Introduction

Chronic low-grade systemic inflammation has been associated with risk of developing many metabolic diseases of aging. Although inflammation is a crucial natural physiological process for health maintenance and recovery after an injury or infection, chronic low-grade inflammation has however been indicated as an important part of the pathogenesis of many chronic diseases of the aged population [1]. Chronic low-grade inflammation has been linked to inflammation-related diseases such as ischemic heart disease, stroke, bowel diseases, arthritis, cancer, diabetes mellitus, chronic kidney disease, non-alcoholic fatty liver disease (NAFLD) and autoimmune and neurodegenerative conditions [2]. Modifiable lifestyle factors such as diet and physical activity however has the potential to alleviate the complications and morbidity because of systemic inflammation.
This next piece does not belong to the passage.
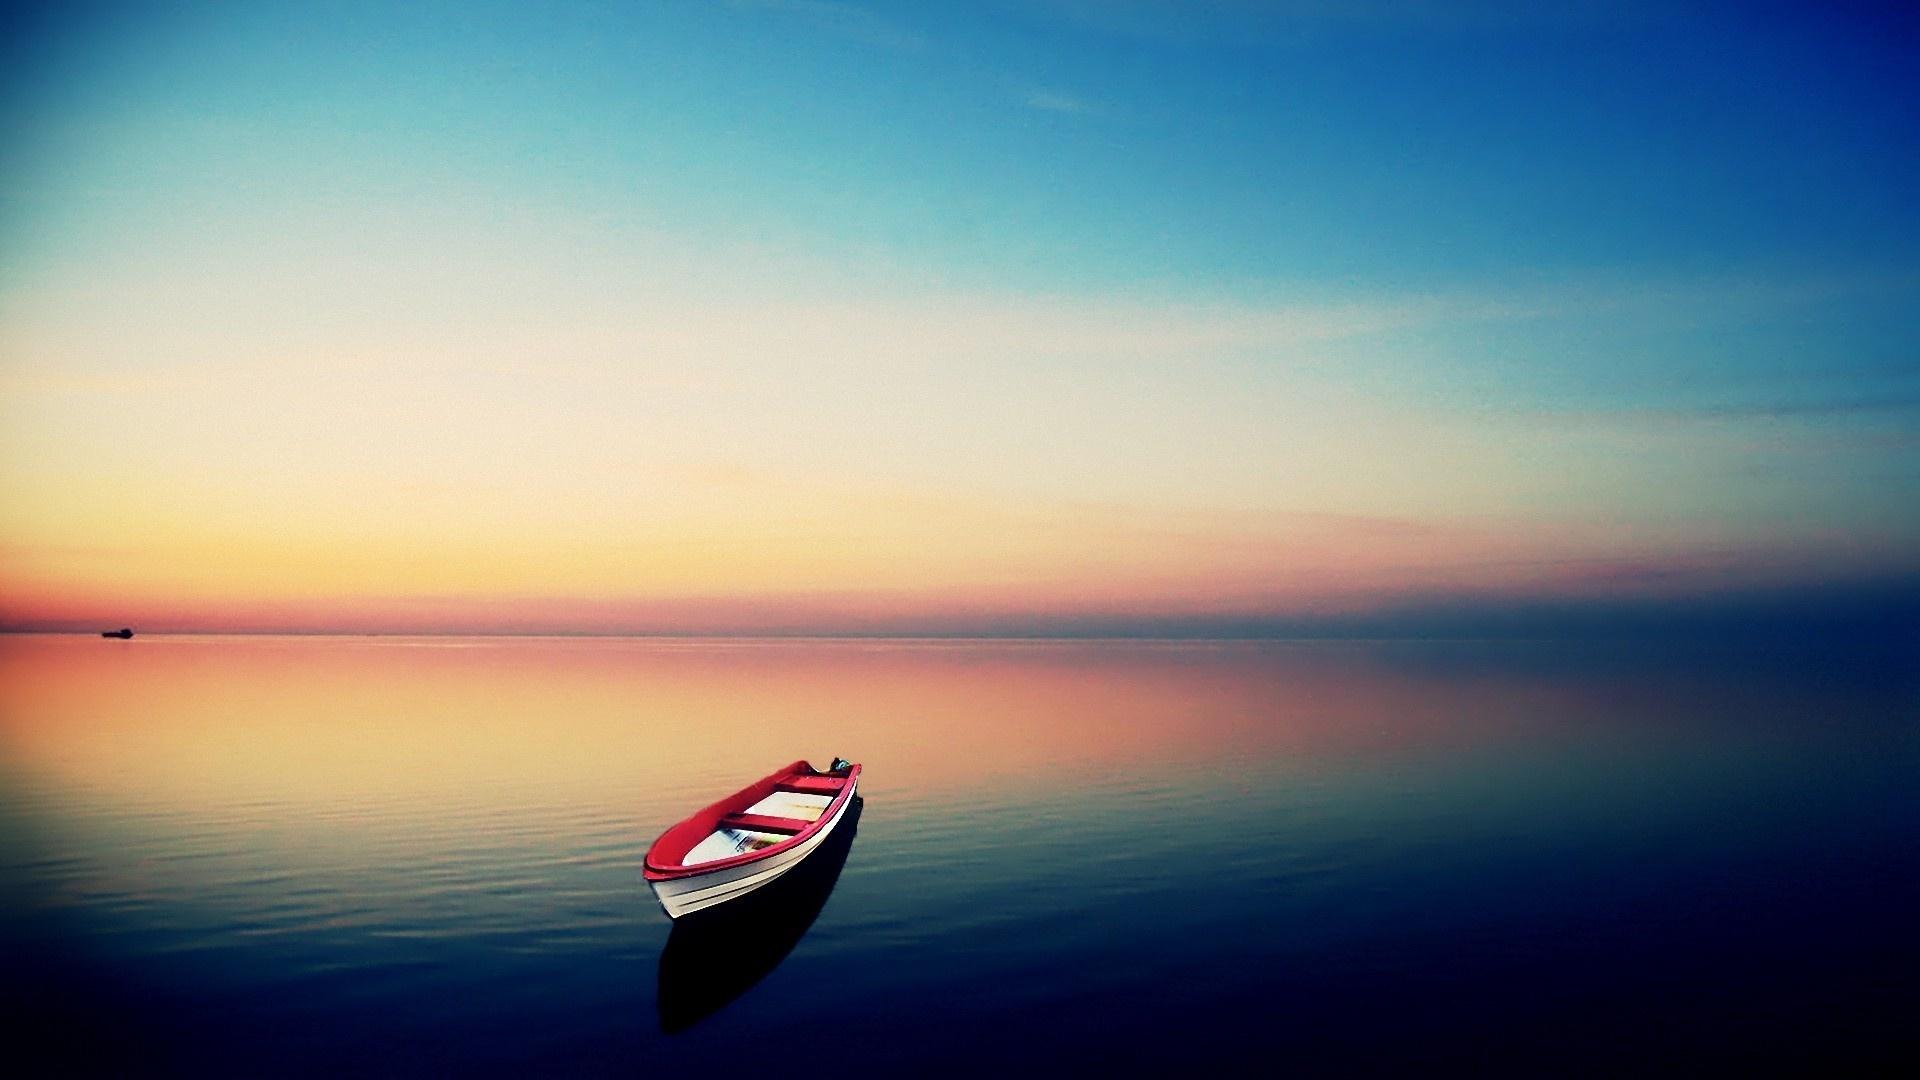 Boat Wallpaper

Postmenopausal women tend to lose estrogen levels from the onset of menopause. The hormone estrogen is known to be anti-inflammatory, therefore as the hormone decreases the inflammation levels increase indicating chronic systemic inflammation [3].

Diet has been proposed as an effective measure for reducing inflammation to alleviate the complications of the associated chronic disease. Dietary intake has been investigated in various types of ways in relation to low-grade inflammation. One approach includes focus on the overall dietary intake taking into account the trends in food components known as dietary patterns. Examples include population studies and intervention studies which have indicated that a Mediterranean [4], healthy [5], or prudent dietary pattern [6] may be beneficial in reducing inflammation. A second approach involve examining the role single foods plays in lowering inflammation. Diets high in fruits and vegetables have been associated with lower concentrations of circulating C-reactive protein (CRP) [7] and fibrinogen [8]. Thirdly, some research has emerged focusing on specific antioxidant nutrients and non-nutrient components of foods such as β-carotene [9], Se, vitamin C, E and their effect on inflammatory status as a measure of the CRP levels [10]. Likewise, non-nutritive polyphenolic components such as tannic acid and flavonoids that are present in plant-based foods such as tea, cocoa, red wine as well as fruits and vegetables contain antioxidant and anti-inflammatory properties [11, 12]. These compounds are important for the effect of diet on inflammation status and metabolic health.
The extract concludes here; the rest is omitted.